Ни по своему общественному положению, ни по своему имущественному цензу он не представлял завидной партии для красивой дочери всеми в городе уважаемого ювелира — художника Д. Отец с юмором рассказывал, как дед, эстет, шокированный рваными калошами его, старался скрыть их от своих дочерей, покрывая их чем — либо. Очевидно, мать руководилась иными соображениями. Ее не пугала тяжелая трудовая жизнь, разделенная с любимым человеком. И действительно, жизнь сложилась тяжелая. Семья росла, расходы увеличивались, отец не покладая рук работал, а матери приходилось экономить до скупости. Брать ли у водовоза лишнюю пару ведер воды, что составляло расход в копейку или две, было предметом особого размышления. Нас, з- детей, это, впрочем, мало касалось. Мы были, как я уже сказал, обуты, одеты, сыты и жили своей особой жизнью. У нас были свои радости и печали, впрочем тесно связанные со всем укладом общей жизни. Отец не останавливался ни перед какими затруднениями, чтобы дать своим детям тщательное образование. Было у нас и старенькое фортепиано никому не известной фирмы Гринель, и старший брат недурно уже играл, руководимый отцом, который сам очень мало учился. Только благодаря настойчивости отца и особенному чутью его, двое из нас, самый старший и самый младший, были направлены по этому пути. Стоит вспомнить семидесятые годы, небольшой провинциальный город, необычность музыкальной карьеры вообще, и в частности в нашей семье, чтобы представить себе, какую железную энергию должен был проявить отец, чтобы отстоять свое намерение перед вмешательством родственников, особенно женской половины. Дело в том, что в середине прошлого столетия, взгляд на музыкантов был определенно отрицательный. […][105] в семидесятых и восьмидесятых годах в маленьком провинциальном городе на карьеру музыканта весьма и весьма косились. Наезжих настоящих музыкантов было очень мало, и все представление с музыкантах сводилось или к играющим на свадьбах клейзмерам, или к тем учителям музыки, которые влачили действительно жалкое существование. У одного из таких учителей, старика Люмбе, напоминавшего Лемма из “Дворянского гнезда”[106], учился мой отец. Двух других учителей я помню хорошо: один был швейцарец Имс, который занимался также с моим старшим братом; другой — итальянский еврей Михалини, великолепный артист на семиструнной гитаре.

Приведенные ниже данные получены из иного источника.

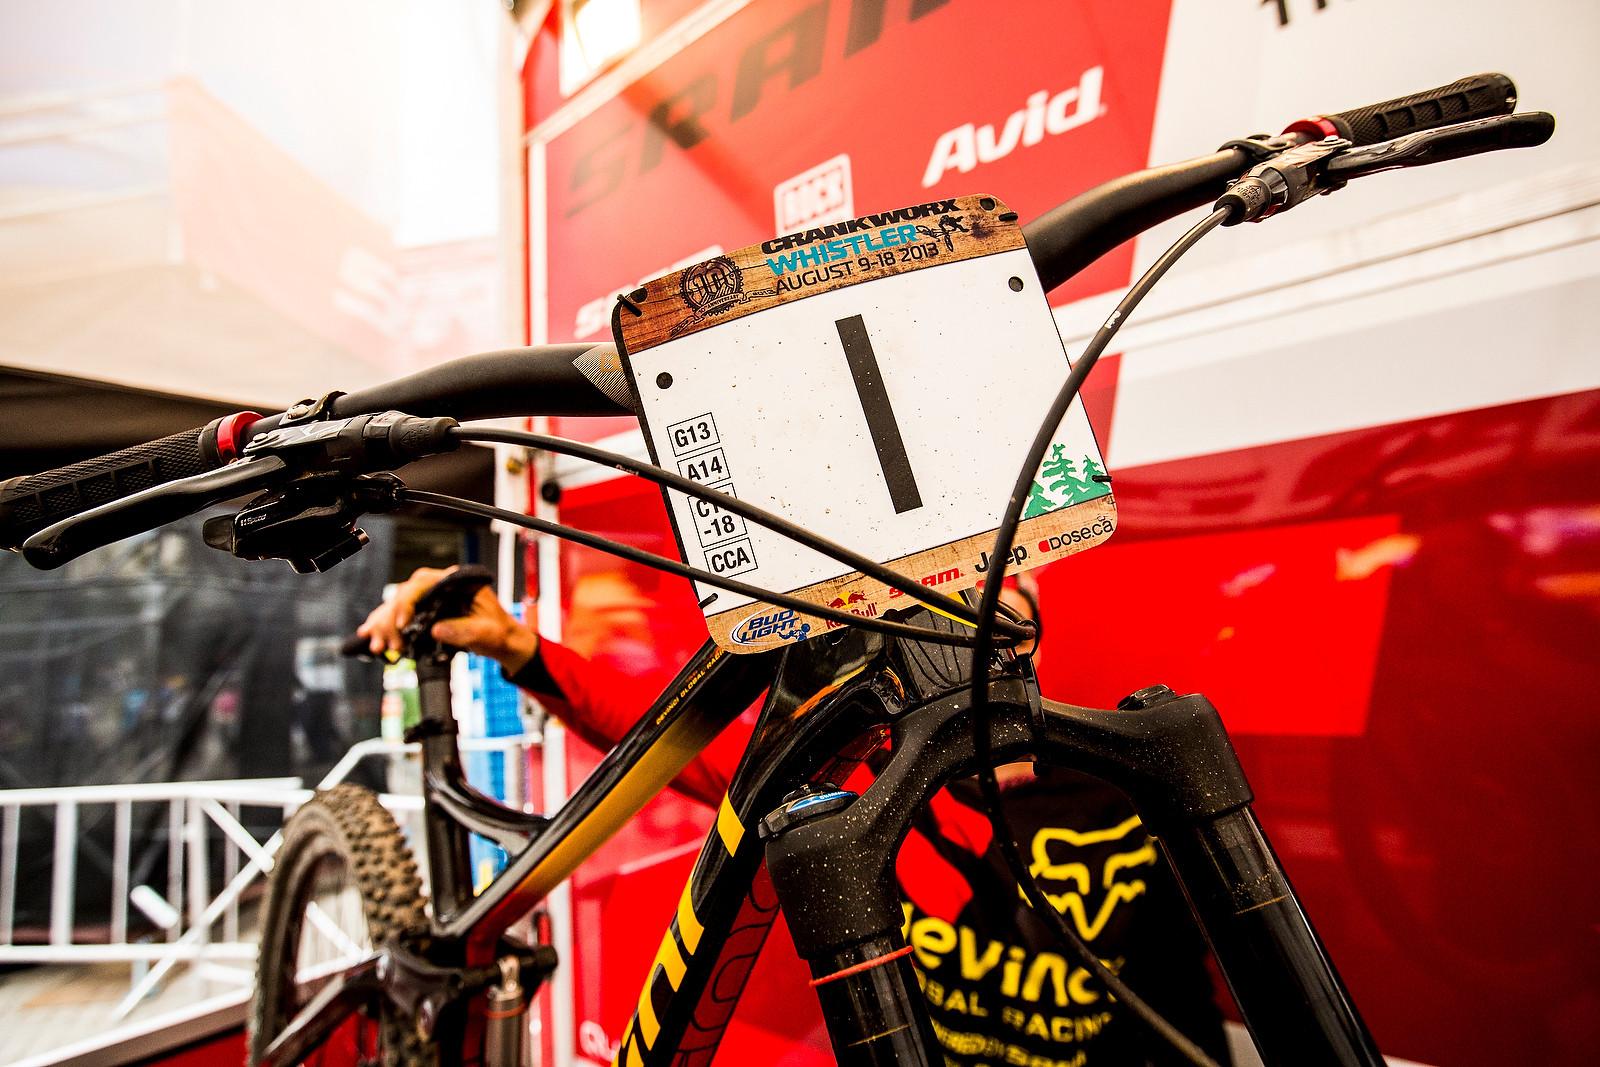 WINNING BIKE: Steve Smith's All-New 650B Devinci Troy - Winning Bike: Steve Smith's All-New 650B Devinci Troy - Mountain Biking Pictures - Vital MTB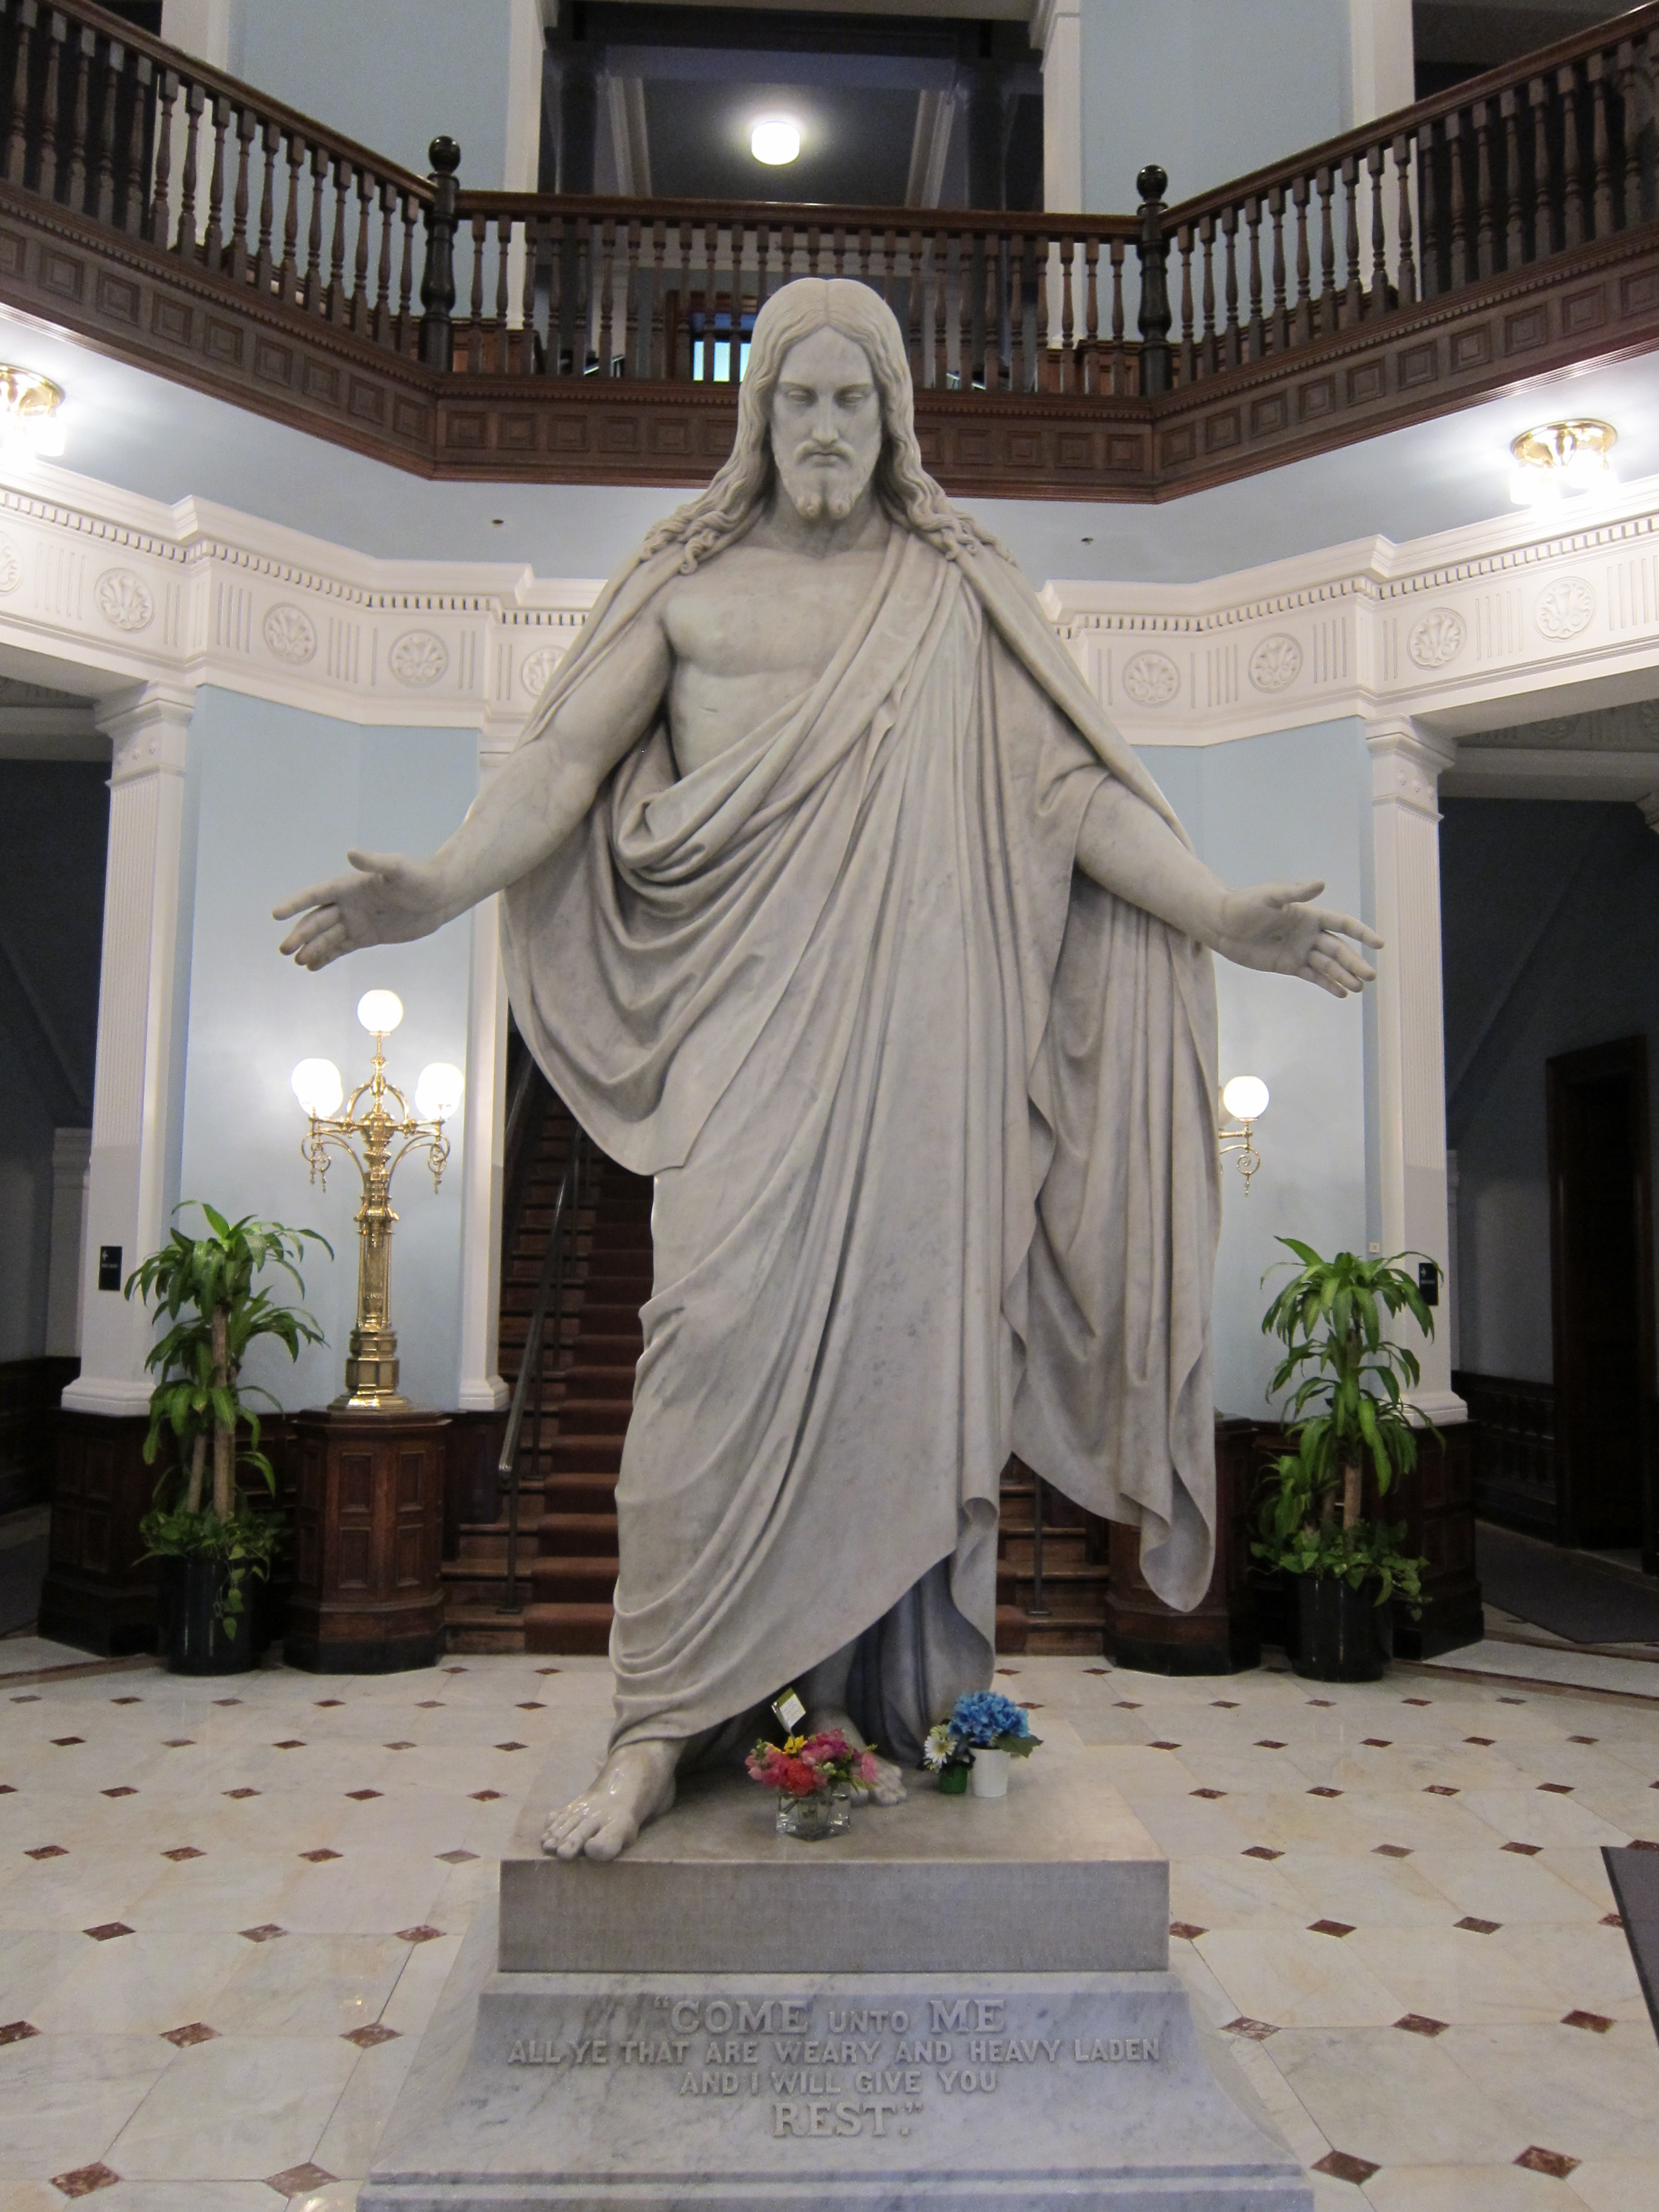 File:Bertel Thorvaldsen's Christus - under the Dome at Johns Hopkins

Какие побуждения заставляли отца избрать для своего любимца (старшего брата) карьеру музыканта, я не знаю, но полагаю, что здесь значительную роль сыграли побуждения идеального свойства. Сам он, натура в высшей степени одаренная, полная[ый] стремлений к чему — то возвышенному, но в силу житейских обстоятельств принужденный работать в атмосфере глубоко прозаической, всеми фибрами души тянулся к тем неопределенным сладким ощущениям, которые уносили его в другой мир. “Музыка, женщины и цветы — вот наиболее прекрасные создания природы”, — говорил он. Возможно и то, что, угадав несомненное дарование брата и наслышавшись о триумфальном путешествии Рубинштейна, он надеялся и в своем сыне видеть выдающегося артиста. Так или иначе, но он не щадил ни сил, ни средств, чтобы подготовить брата в консерваторию. И если мы кому обязаны тем, что были сразу направлены на верный путь, то это только отцу.